Exercise 7: After manipulating the predicted class data as above, use the function confusionMatrix() to evaluate this model

confusionMatrix(data = class_pred$pred, ## Specify the predicted data and specifically the output
                reference = test.dat$quality_bin) ## Specify the reference data and specifically the output
## Confusion Matrix and Statistics
## 
##           Reference
## Prediction high low
##       high    7  14
##       low    39 244
##                                           
##                Accuracy : 0.8257          
##                  95% CI : (0.7782, 0.8666)
##     No Information Rate : 0.8487          
##     P-Value [Acc > NIR] : 0.8836254       
##                                           
##                   Kappa : 0.1261          
##                                           
##  Mcnemar's Test P-Value : 0.0009784       
##                                           
##             Sensitivity : 0.15217         
##             Specificity : 0.94574         
##          Pos Pred Value : 0.33333         
##          Neg Pred Value : 0.86219         
##              Prevalence : 0.15132         
##          Detection Rate : 0.02303         
##    Detection Prevalence : 0.06908         
##       Balanced Accuracy : 0.54896         
##                                           
##        'Positive' Class : high            
## 

When running this function, it produces a large amount of different statistical information, these are broken down further in Learning Material: Evaluating Models.
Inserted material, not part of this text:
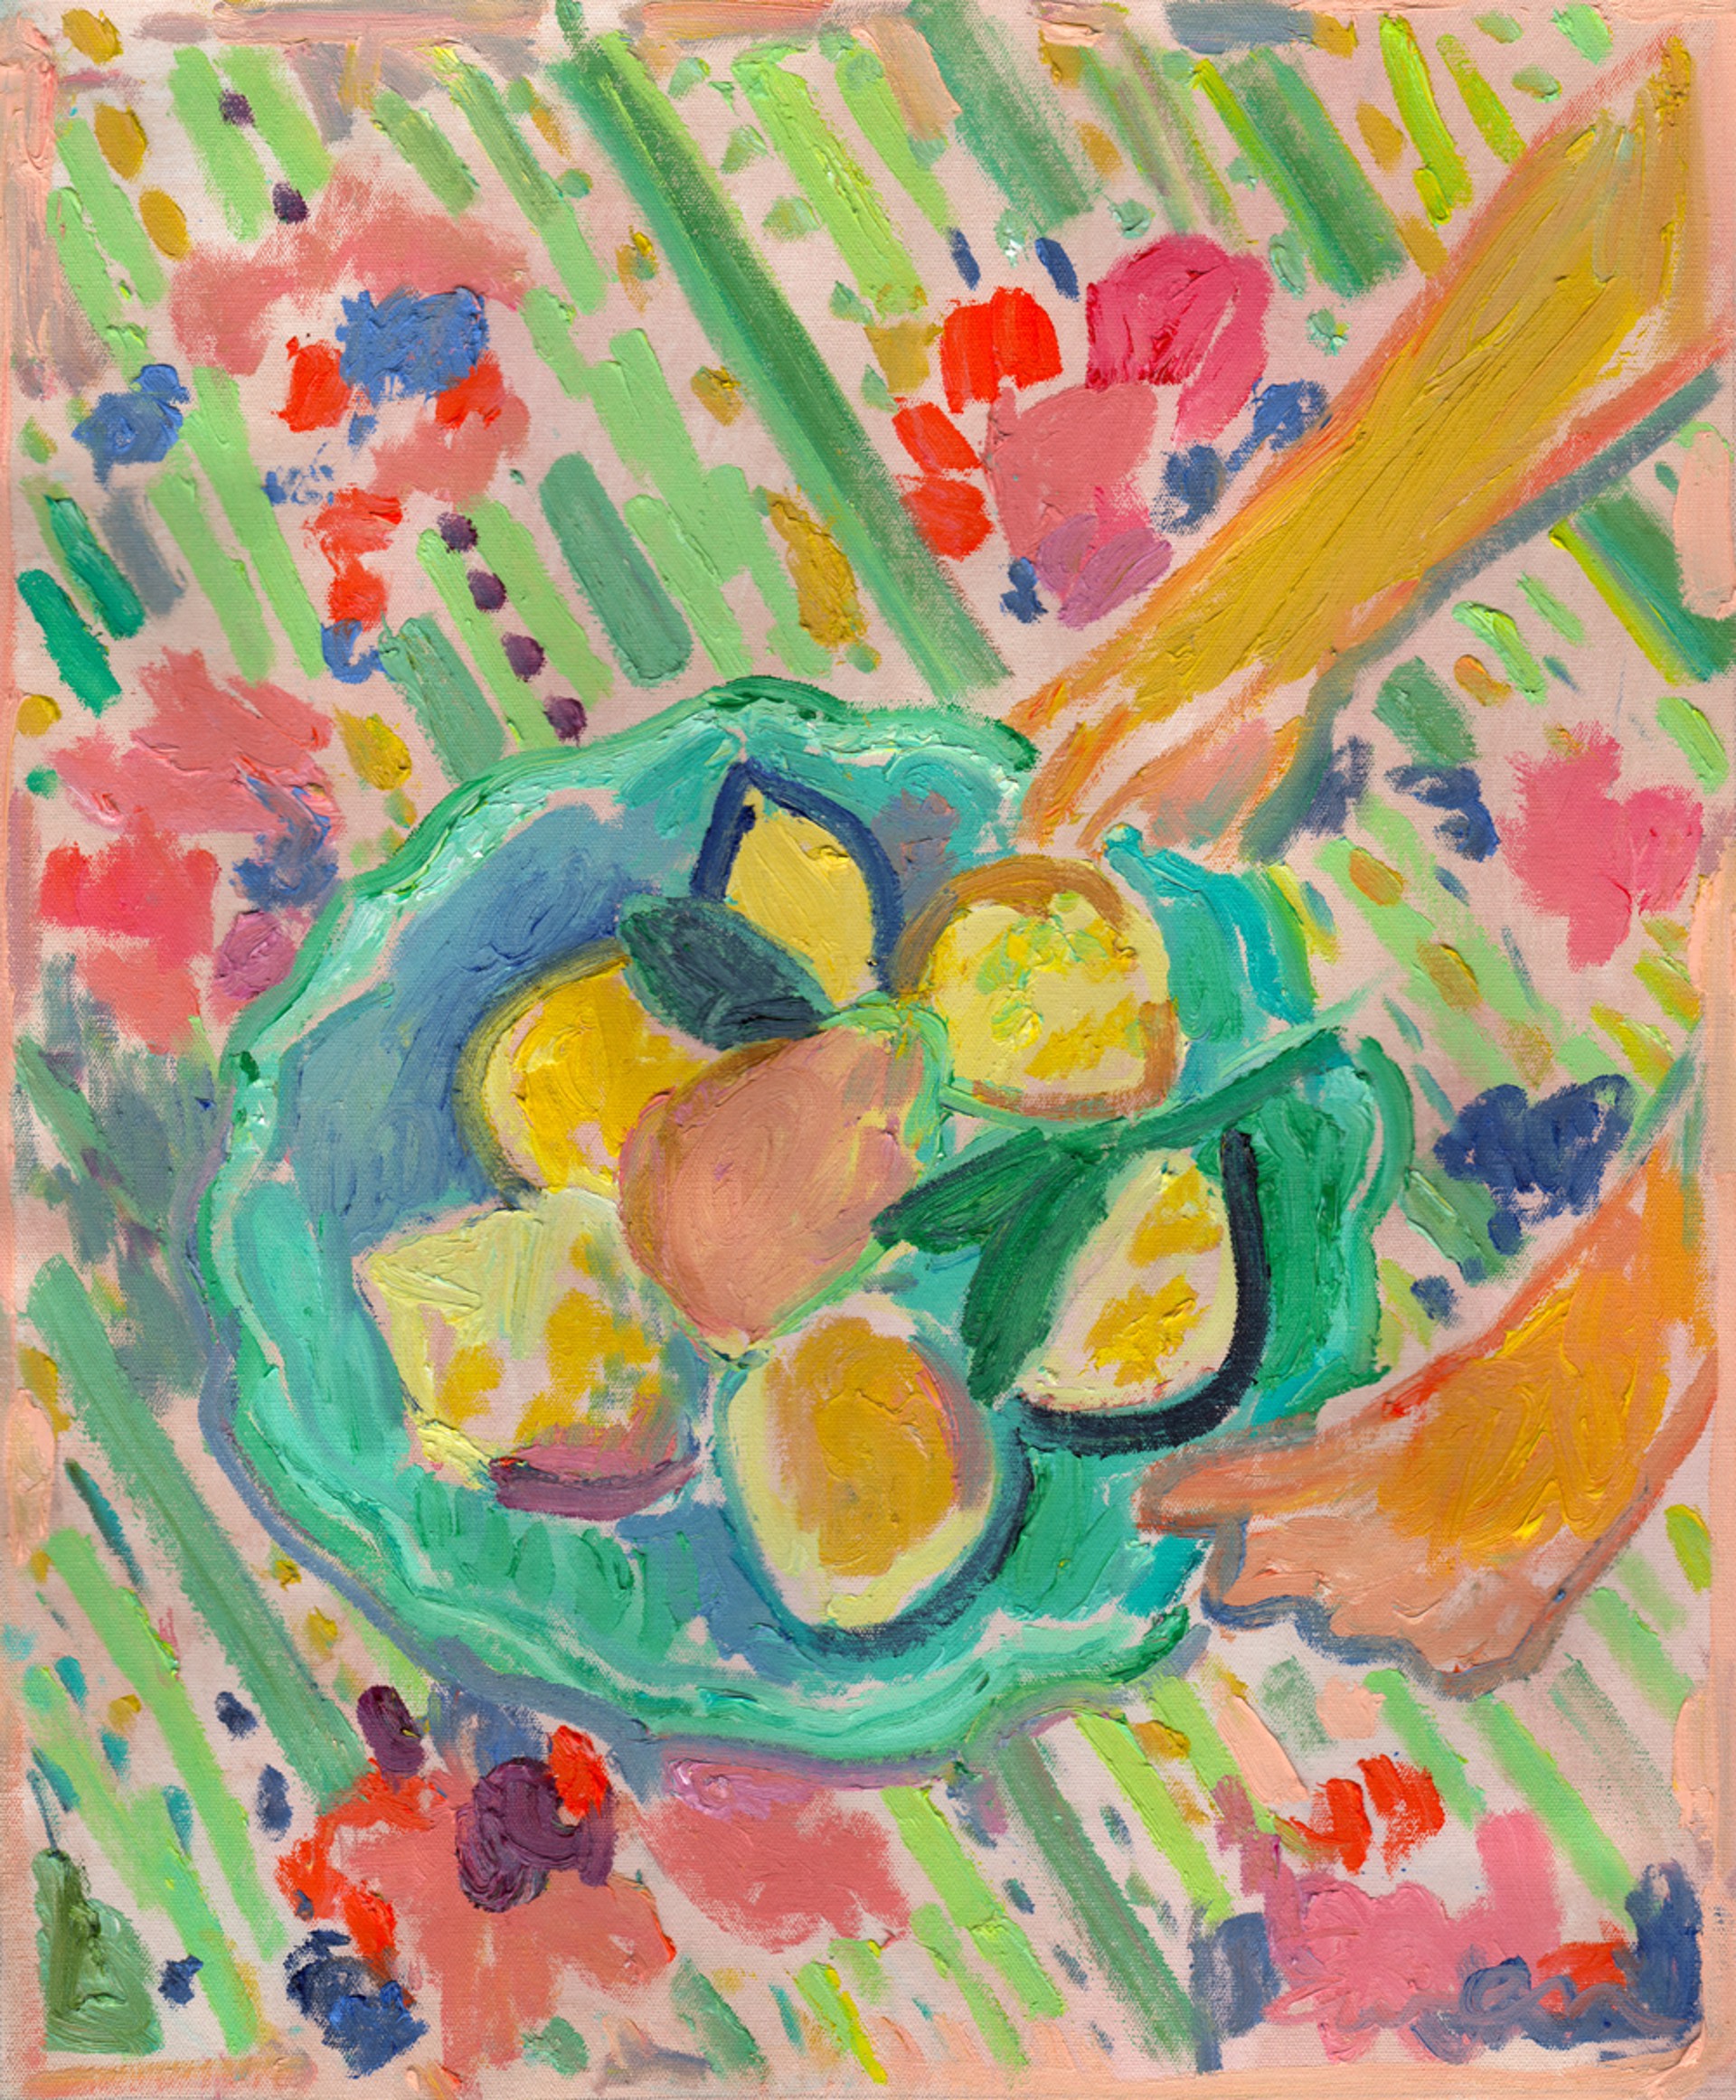 Bowl of Lemons 1 by Anne-Louise Ewen

In comparison, to evaluate the fit of regression trees, we use Root Mean Squared Error or RMSE. Which is a single measure of the absolute deviation from the predicted line the observed area. With the smaller this value being, the better fit this model is.


To calculate the RMSE, the function RMSE() can be used, similar to the confusionMatrix function, this also uses data and reference as its inputs.


Exercise 8: Using the function RMSE() evaluate the Regression Tree Model

RMSE(pred = reg_pred, # Predicted 
     obs = test.dat$quality) # Observed
## [1] 0.7712802




Section 4: Review & Comparison


Exercise 9: Using all the knowledge from today’s session, and that available from the Learning Materials tab, run additional regression and classification trees, using as much or as little of the data set provided as you wish, and compare which combination of variables is best at predicting quality.


For your learning, I would suggest repeating Section 1, or if time is limited using the training and test data previously generated.

Please note, during the next installment of this series: Introduction to Machine Learning: Tree-based Models 2, we will be exploring alternative ways to increase prediction accuracy including pruning.